▸ WHAT YOU NEED TO DO:
Repeat the listing word for word, but skip any pictures.

▸ RECORDED DATA:

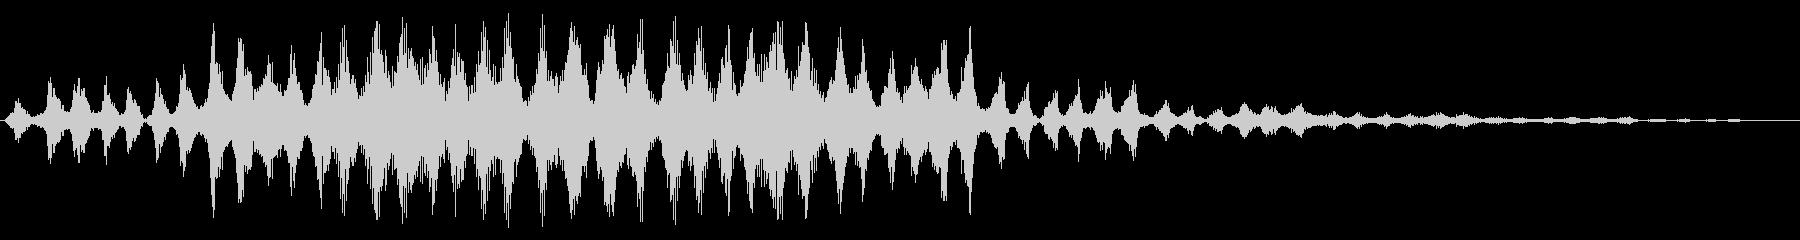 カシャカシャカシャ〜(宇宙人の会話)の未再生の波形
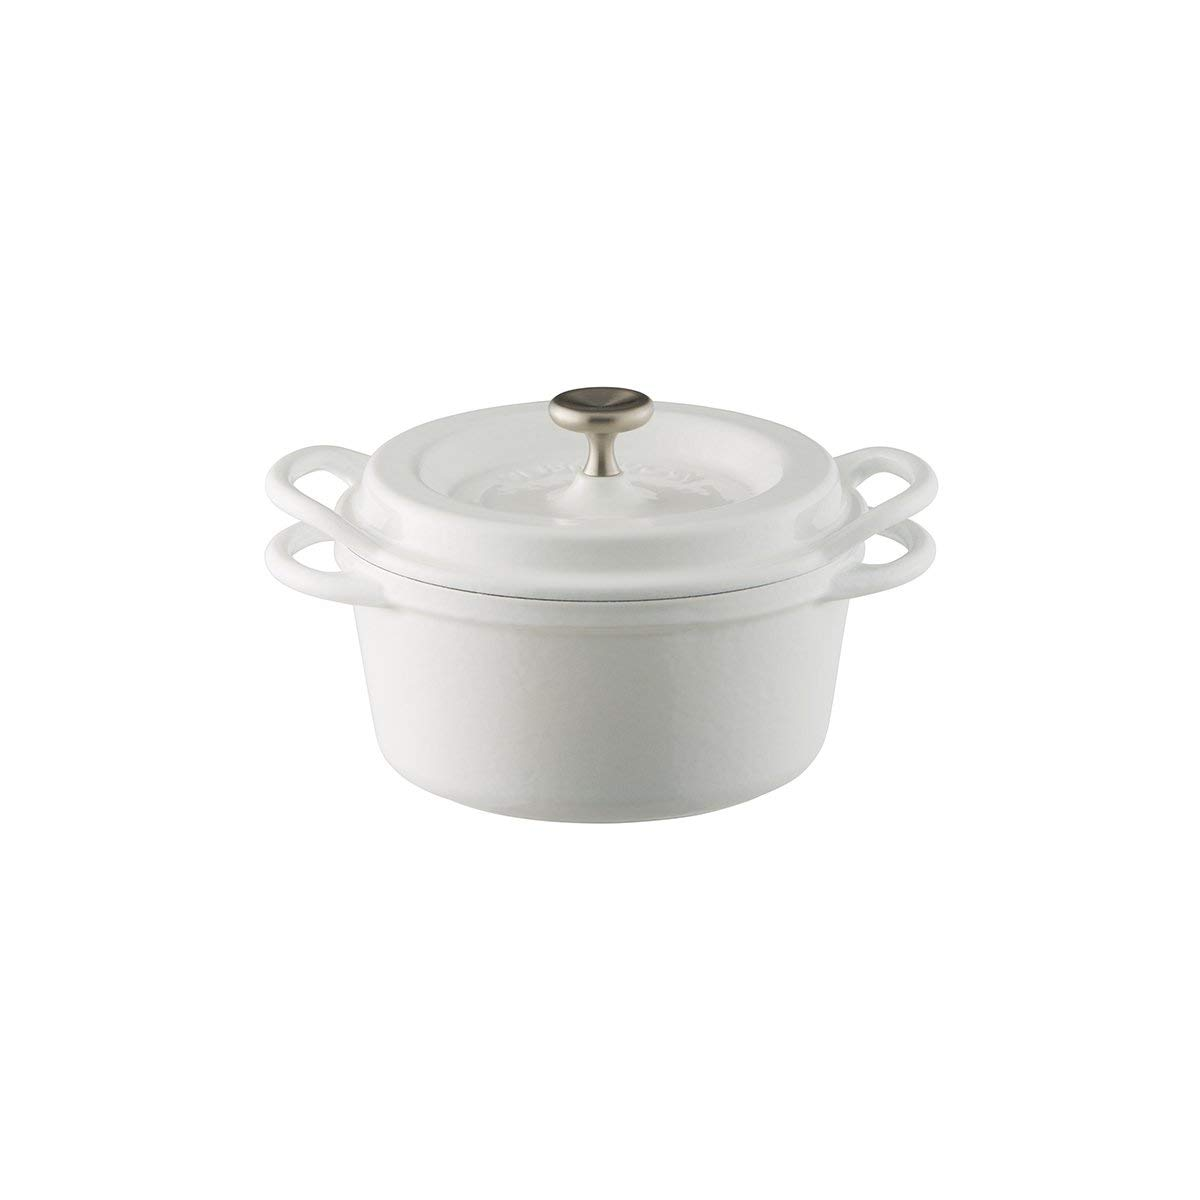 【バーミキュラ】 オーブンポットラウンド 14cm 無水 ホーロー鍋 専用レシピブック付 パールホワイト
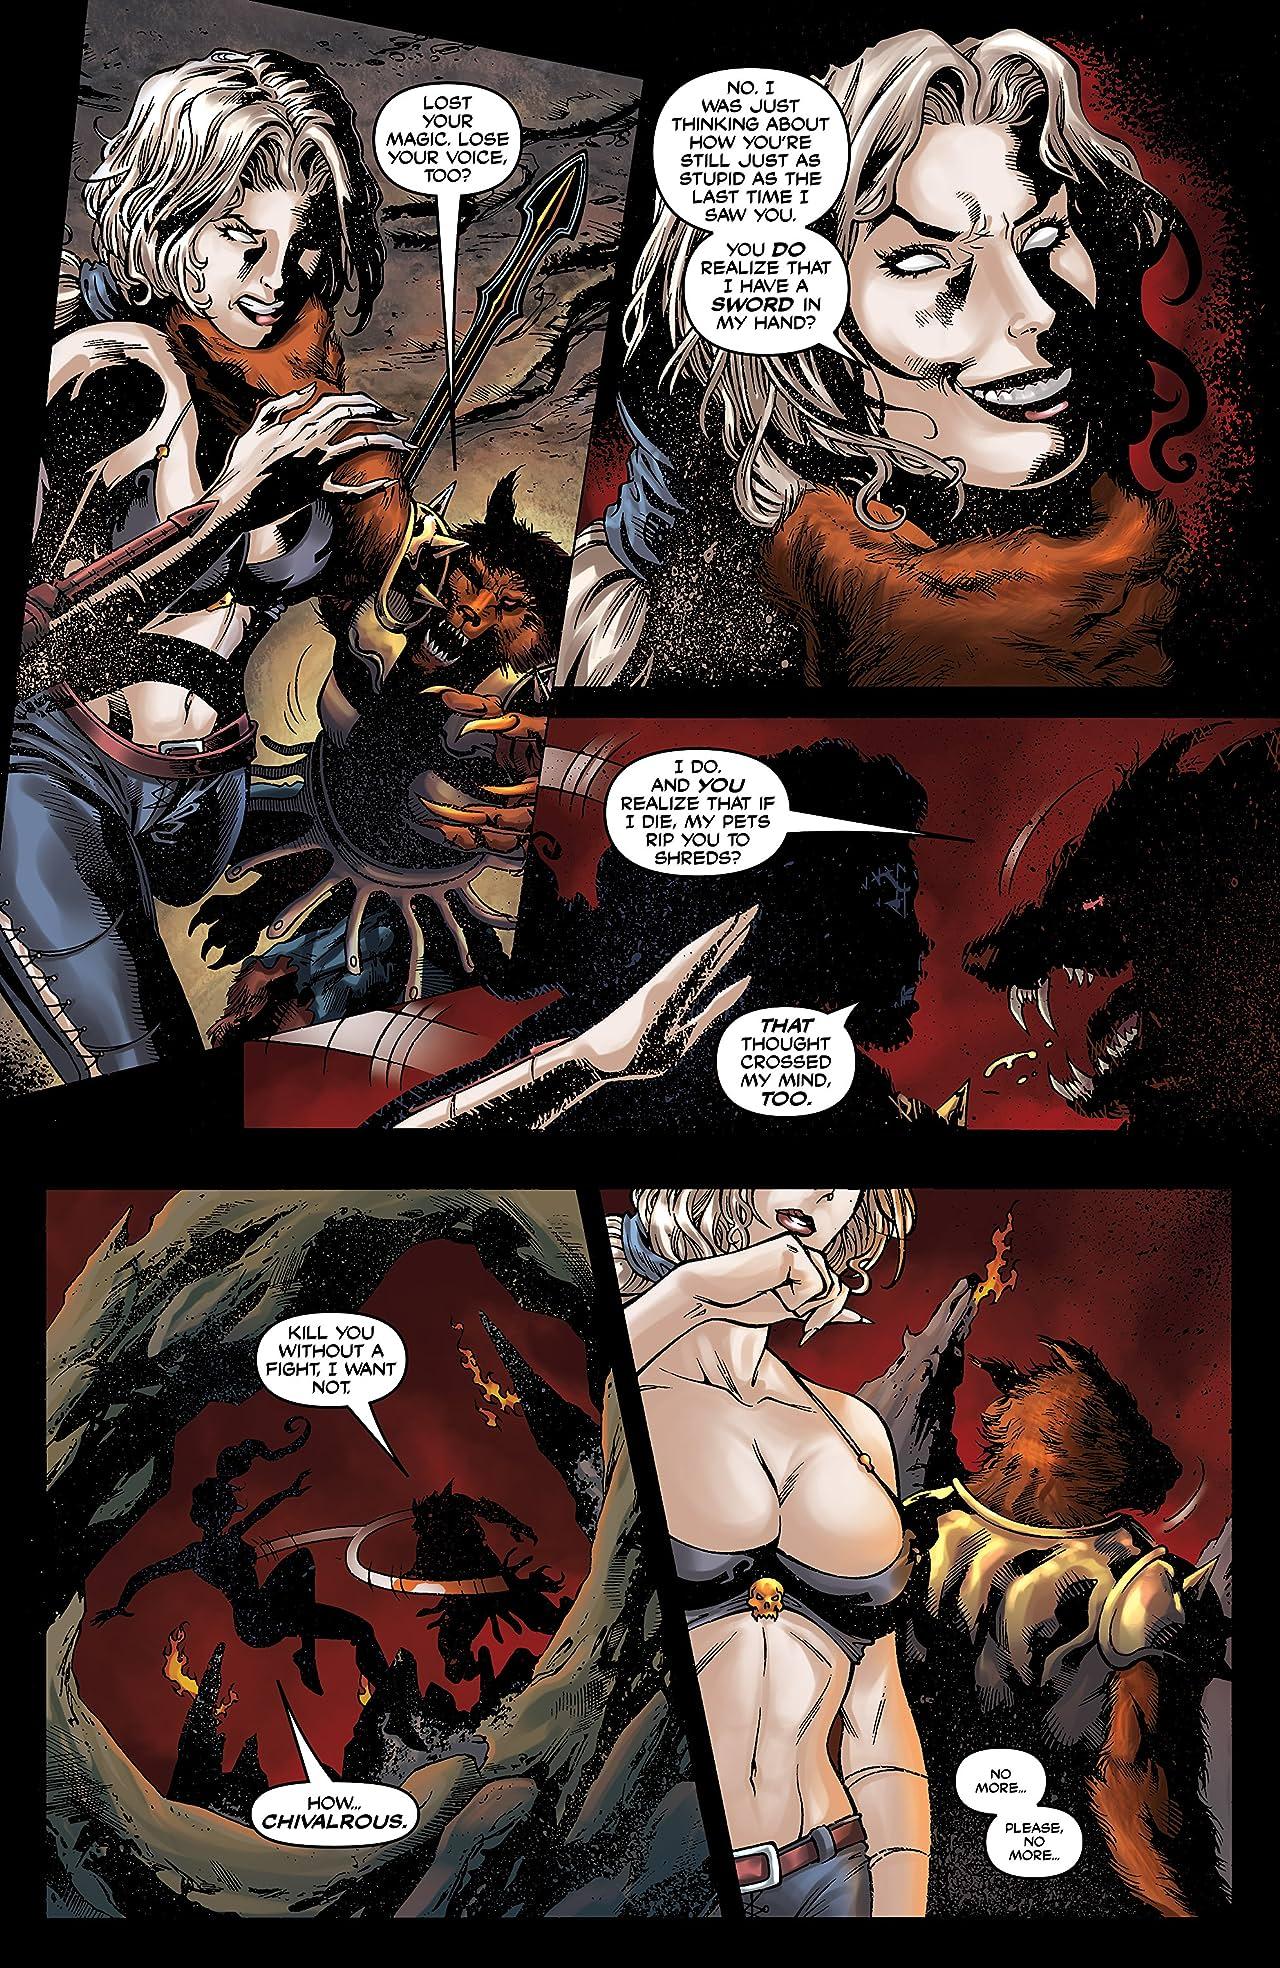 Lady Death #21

▸ PROBLEM SOLUTION:
 カシャカシャカシャ〜(宇宙人の会話)の未再生の波形
 【バーミキュラ】 オーブンポットラウンド 14cm 無水 ホーロー鍋 専用レシピブック付 パールホワイト
 Lady Death #21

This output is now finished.